Persian Stemming data-set in order to evaluate new stemmers

Description

There is no standard dataset for correctness evaluation of Persian stemming algorithms. In order to create a dataset for correctness evaluation of stemmers, we require a set of words with their stems. These datasets are automatically extracted from two manually stemmed corpora. The first dataset contains a collection of words and their stems, which has been extracted from the PerTreeBank corpus [1]. This corpus contains 4,689 distinct words. Moreover, in order to perform a better evaluation, we selected a large text corpus for the second dataset. The words and their stems of this dataset have been extracted from the Persian Dependency TreeBank corpus [2]. It contains 26,913 distinct words. These two datasets have good qualities in terms of the diversity of their Part-of-Speech tags.

Tool

You can use the evaluate.exe in order to evalute your stemming results. It generates report based on your result. It supports all the metrics of stemming evalution such as Accuracy, Percision, Recall, F-Measure, Understemming and Overstemming Errors, Commission and Ommission Errors.

Usage

Each stemming dataset is consist of three columns. The first column is the inflected word, the second is its stem and the third is its part-of-speech. You must append your stems to the fourth column. Then you can use below command.

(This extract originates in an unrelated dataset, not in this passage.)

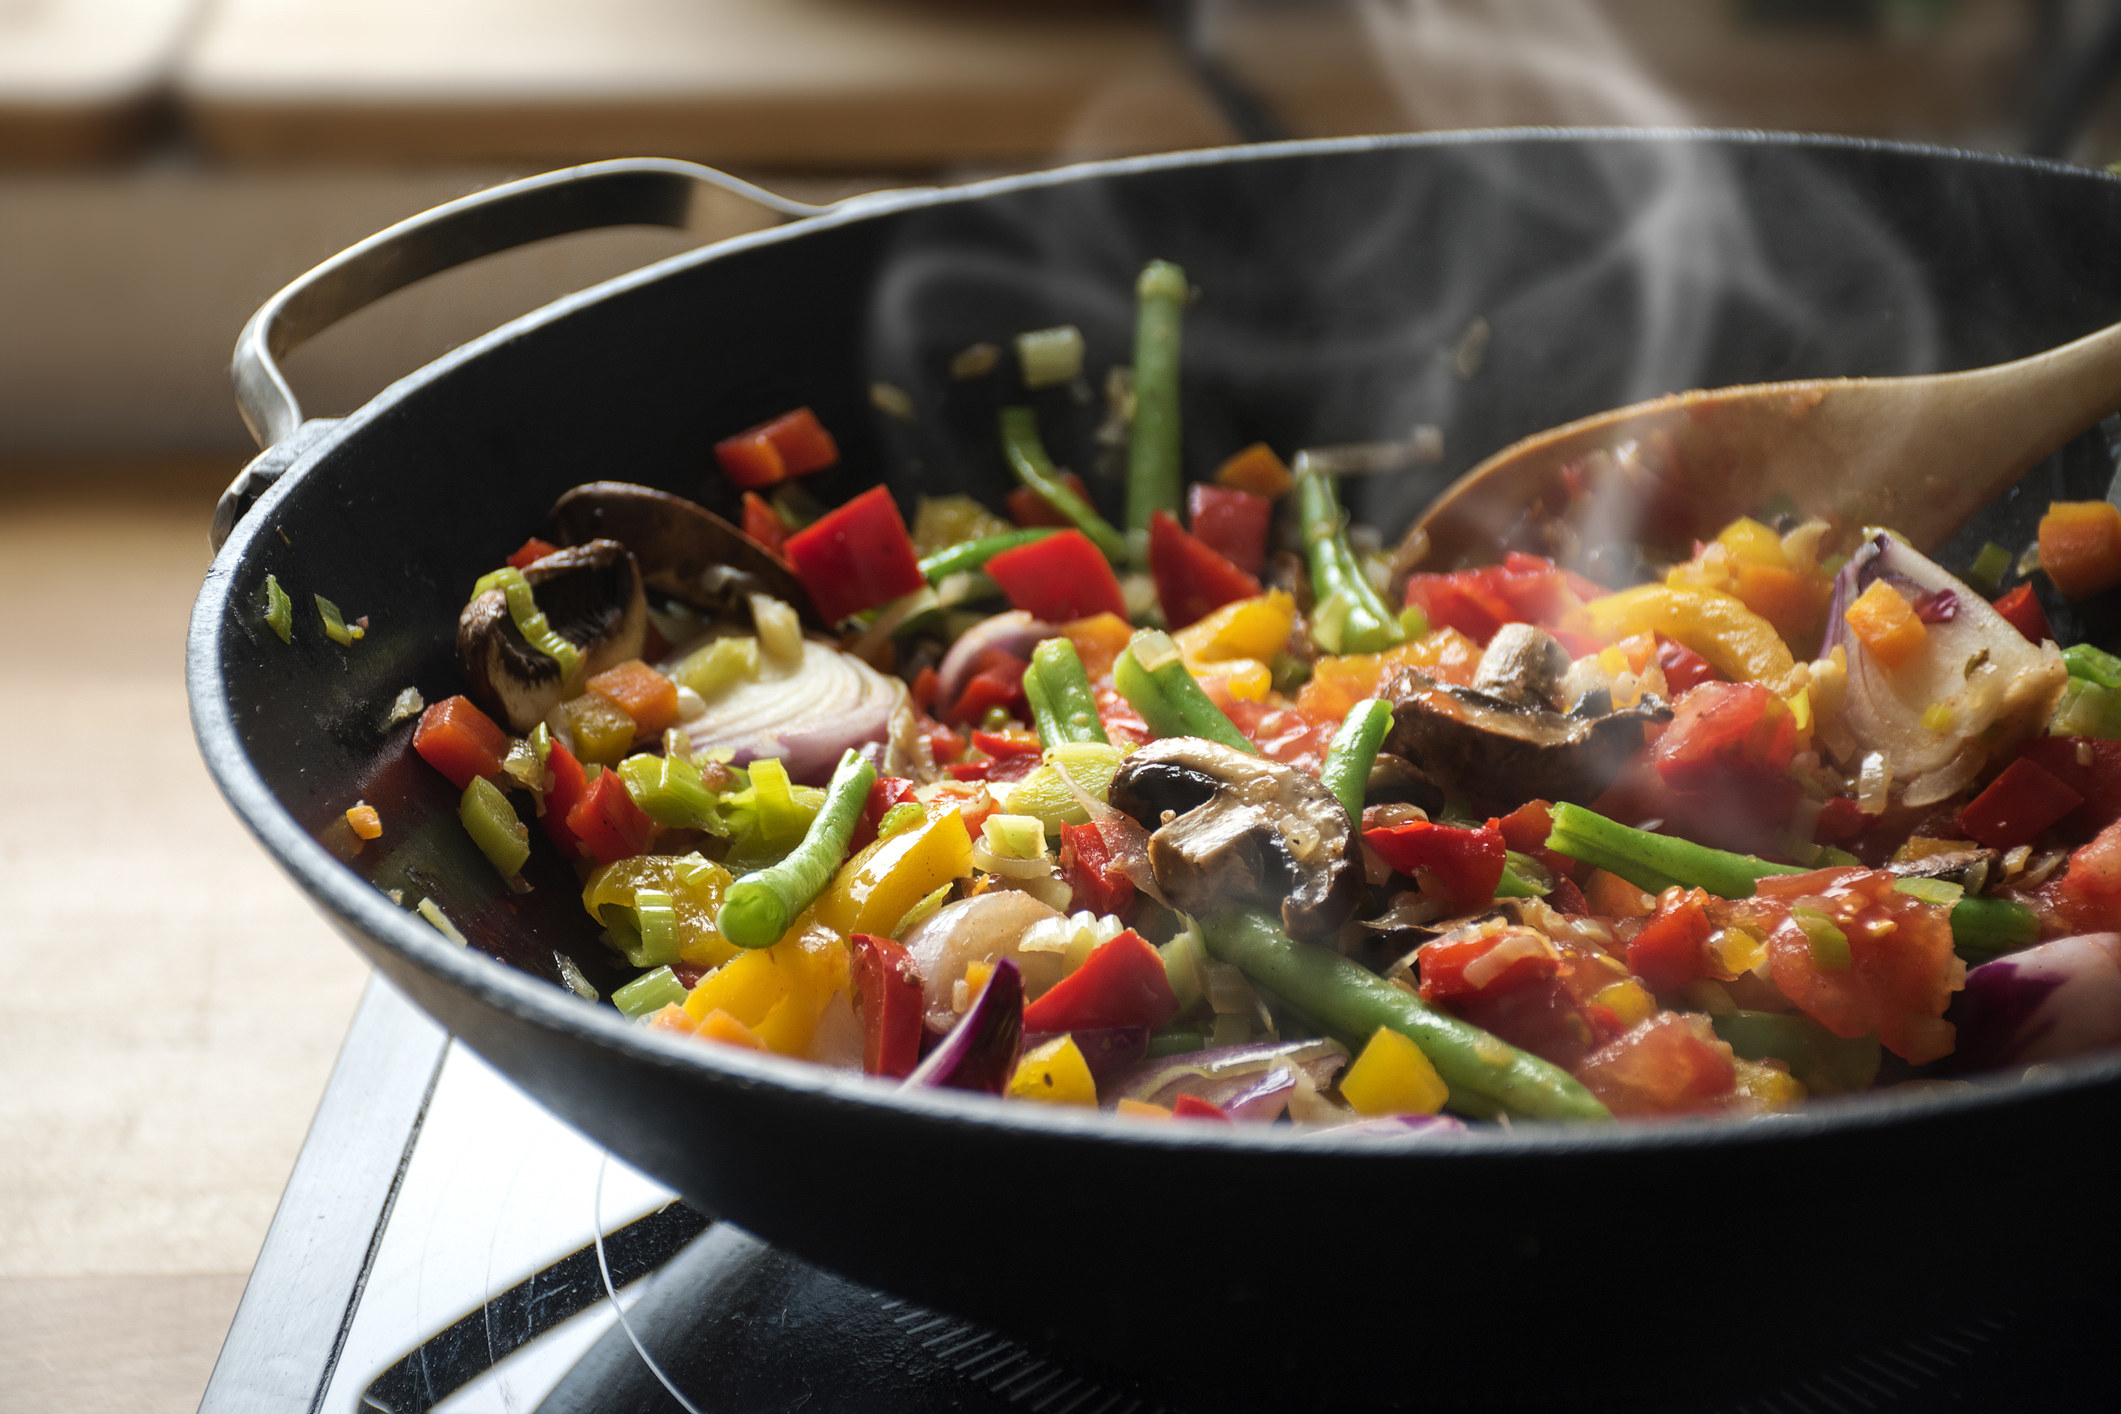 Making stir fry vegetables in a wok.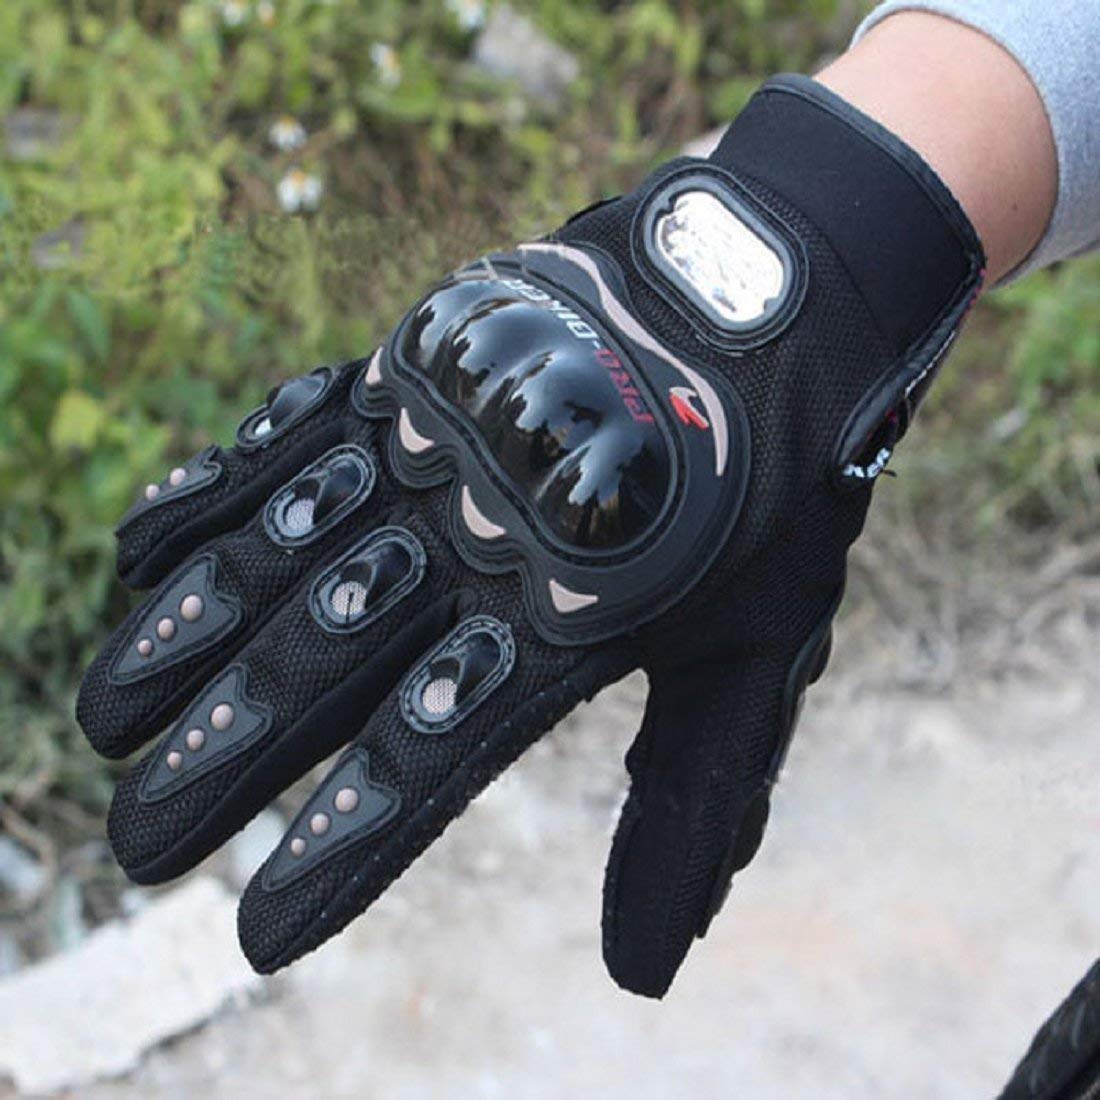 Pro-Biker Powersports Riding Gloves Touch Original

Evaluate.exe "{your stemmed file path}" 1 3 {evaluation output file name}

References

[1] Ghayoomi, M. (2012) Bootstrapping the Development of an HPSG-based Treebank for Persian. Linguistic Issues in Language Technology, 7.

[2] Rasooli, M. S., Moloodi, A., Kouhestani, M., and Minaei-Bidgoli, B. (2011) A syntactic valency lexicon for Persian verbs : The first steps towards Persian dependency treebank. 5th Language & Technology Conference (LTC) : Human Language Technologies as a Challenge for Computer Science and Linguistics, pp. 227–231.